I had a strong affinity for science and math and I knew that I wanted to keep taking science and math courses. When I came into SOAR, I was thinking either mechanical or chemical engineering, but the MS&E department did some materials demos (fun things like freezing things in liquid nitrogen) that attracted me. One that made a big impression was freezing a racquetball, then throwing it at a wall and it shattering. That got me to register for MS&E 250, the intro course. Once I got into MS&E, I loved the science, the small class sizes, and the community feeling of the department.

Was there a class that stands out in your mind?

It was the first materials lab. At that time, it was taught by David Larbalestier. That course was my first exposure to metallography, which is now an important part of my daily work. Furthermore, it was my first real exposure to writing very detailed laboratory reports. Professor Larbalestier and his TAs set high standards for technical writing and editing, which initially felt like a bit of a shock as a freshman. Up until that point, I had not been a very critical editor of my own writing, but technical writing and editing skills are absolutely essential to my everyday work now.

As a student, how did you spend your free time?

I was one of the founding members of Fundamentally Sound, the men’s a cappella group. I spent a lot of time in the materials building with my classmates studying. One of the most fun extracurricular materials activities we were involved in every couple of weeks was foundry fun nights. The last couple years of school, I was involved in the Hybrid Vehicle Team, and I spent a lot of late nights working in the auto shop.

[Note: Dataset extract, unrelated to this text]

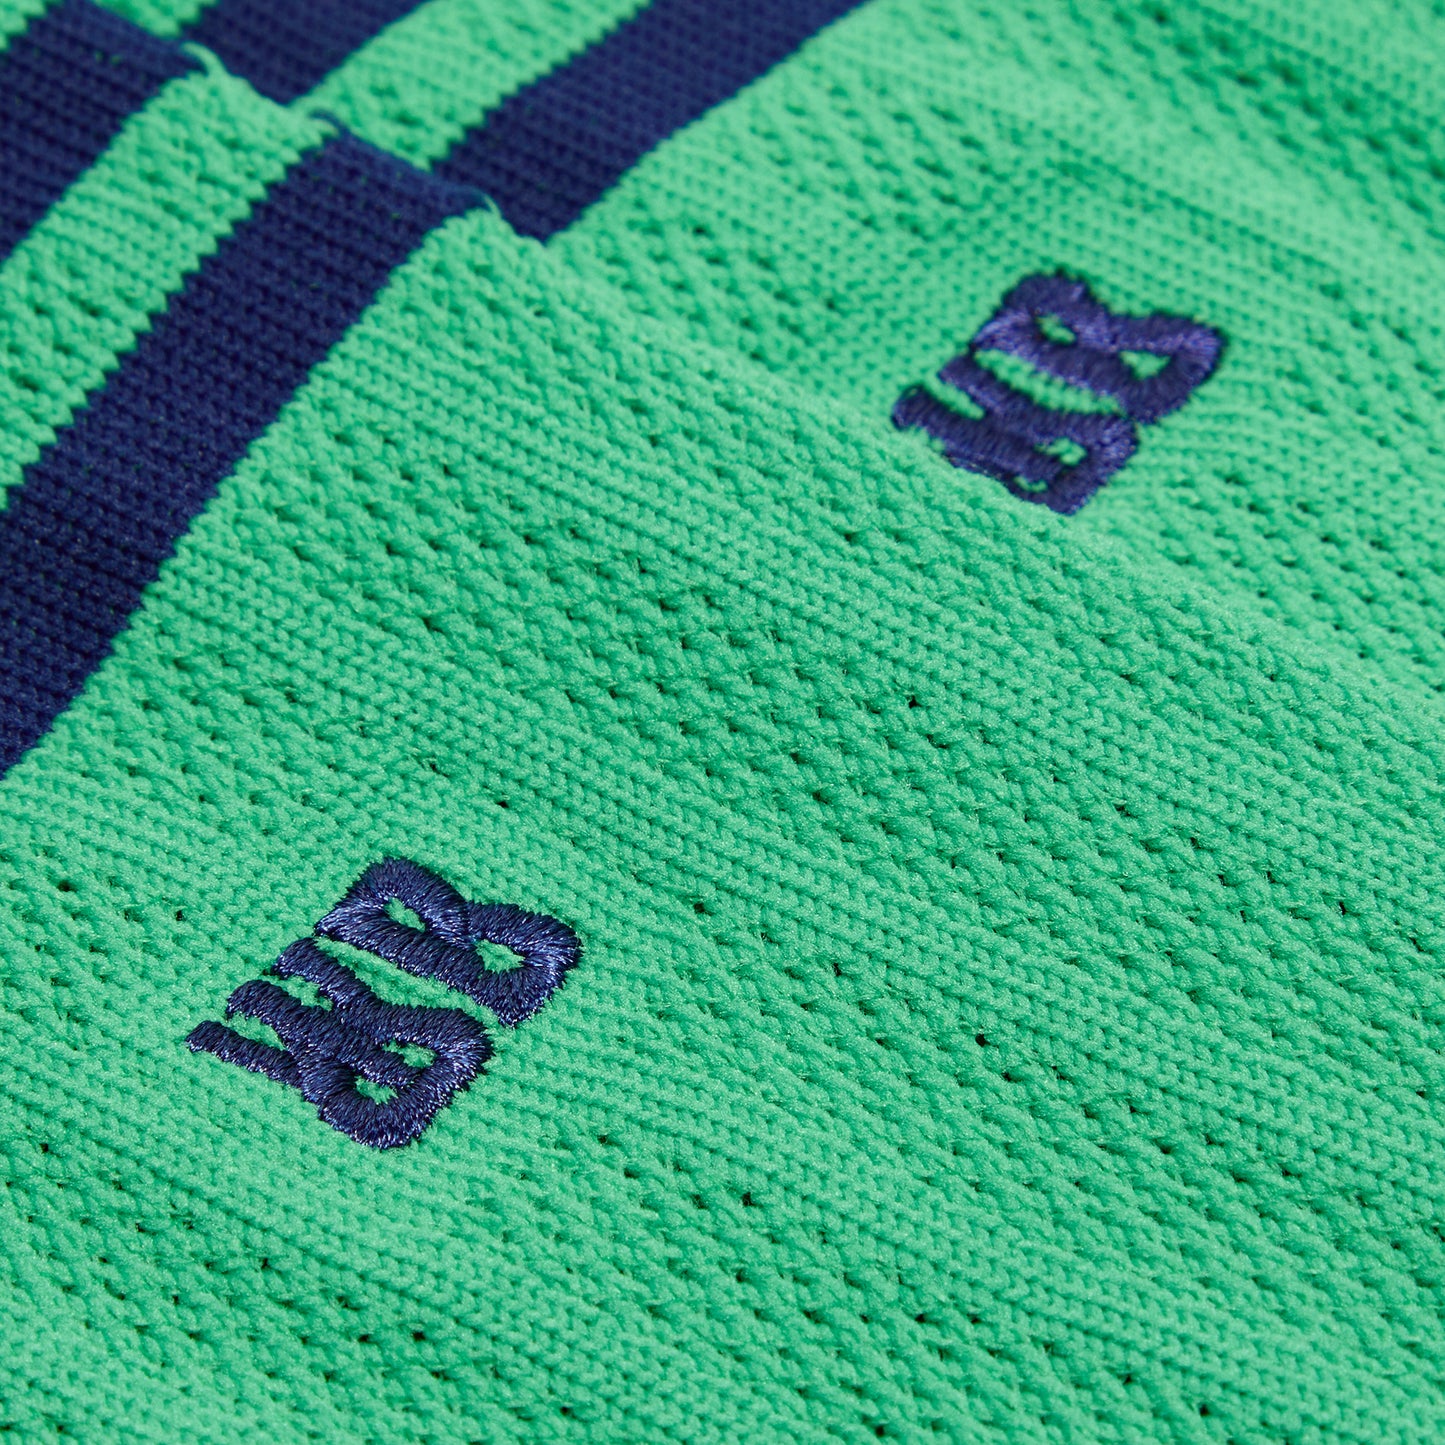 Adidas x Wales Bonner Socks (Green/Navy)

Is there anyone who played a big role in your career?

Several people I met through ASM International. Ron Parrington (who hired me for my first job out of college) and Larry Hanke (my current boss) have really shaped my development as an engineer. While I was a co-op student at Mercury Marine, which was my first industry materials lab experience, I discussed networking with Kevin Anderson, another ASM fellow, and I can trace my entire career lineage to that one conversation. I’m proud to say I’ve never gotten a full-time job through a job listing; I cultivated a professional network, and it has defined my career. I would be remiss if I didn’t also mention the influence of Professor John Perepezko in getting so many students, like myself, involved in ASM International over the years.

Anyone else you’d like to mention?

My wife is Julie. Julie and I met during our freshman year in Madison. Our daughters are Mae and Rose.